Mid-Rise ready to build

Mid-Rise ready to build

A Coney Island developer is determined to build on the corner of Roberts and Parkview avenues. Pending Department of Buildings approval, ITG Development Group will demolish 1701 Parkview Avenue, a three-story brick house, and erect a six-story apartment building.

According to ITG partner Judah Langer, the building will include 20-some residential units with ground or basement-level parking. It will resemble 1600 Parkview Avenue, Langer said, an eight-story building near Our Lady of Assumption School. Alfred Reyes, principal of Parkview Avenue Estates, has owned 1701 since 2005.

In January, the DOB disapproved a proposed seven-story building. Again on April 21, it disapproved a similar plan. Soon, Langer and Reyes will file a revised plan.

“No problem,” Langer said. “We have to take care of some minor details, like a sprinkler system.”

The existing three-story house is vacant; a number of tenants were evicted in 2008. Although two-family homes line Parkview, the corner property is located in a medium density zone. In fact, it borders 3109 Roberts Avenue, a six-story apartment building.
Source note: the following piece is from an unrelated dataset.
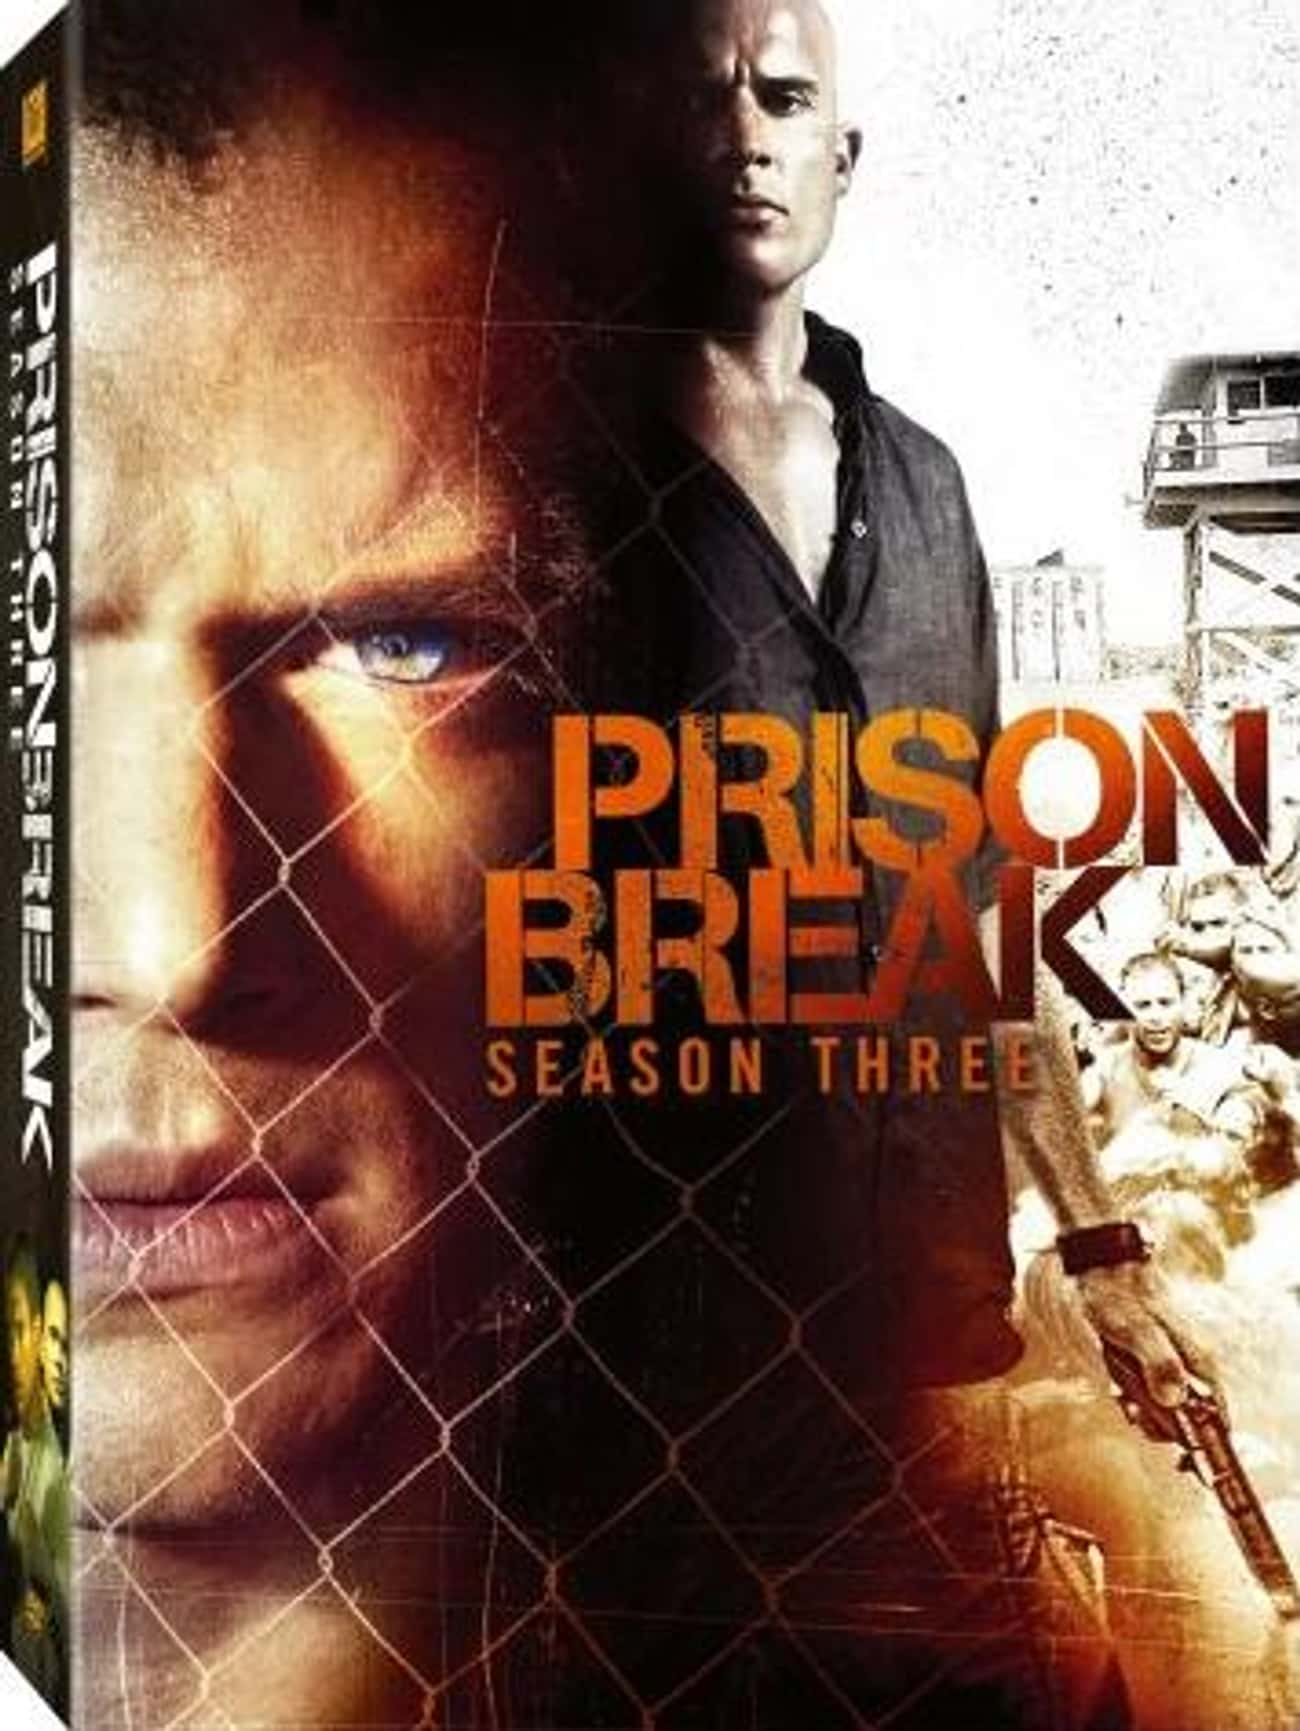 Prison Break - Season 3 is listed (or ranked) 3 on the list The Best Seasons of Prison Break

ITG is currently developing a pair of two- and three-family homes on Cedar Avenue and will soon begin work on a 23-unit apartment building in Bedford Park. It could embark onthe 1701 Parkview Avenue project in the next 90 days, Langer said. Last year, ITG informed Councilman James Vacca that it would market the new building to young, Manhattan-bound commuters. The Buhre Avenue train station is four blocks away. Now Langer predicts a “neighborhood crowd.”

“There’s a shortage of housing [in Pelham Bay],” he said.

According to a zoning clause adopted by the city council in 2008, ITG will leave an eight-foot side yard between 1701 Parkview Avenue and the next house on Parkview. Above three floors, the building will retreat 25 feet, Langer said.

Barbara D’Amico owns the next two houses over, 1713 Parkview Avenue and 1715 Parkview Avenue. Both are three-family homes. D’Amico occupies one-third of 1715 Parkview Avenue. She called the plan a nightmare.

“Our schools are already crowded,” D’Amico said. “Parking is already unbearable.”

Currently, a garage stands between the corner house and 1713 Parkview Avenue. The new building could deprive 1713 Parkview Avenue of sun. D’Amico has little faith in the market.

“[Reyes] wants to do a Wall Street type of building,” D’Amico said. “But this is the Bronx. We don’t have Wall Street type of people. It’s going to sit empty, just like Waterbury Estates.”

D’Amico thinks Reyes could renovate the existing house.

“Or knock it down and build a two-family home,” she said. “Not some monstrosity.”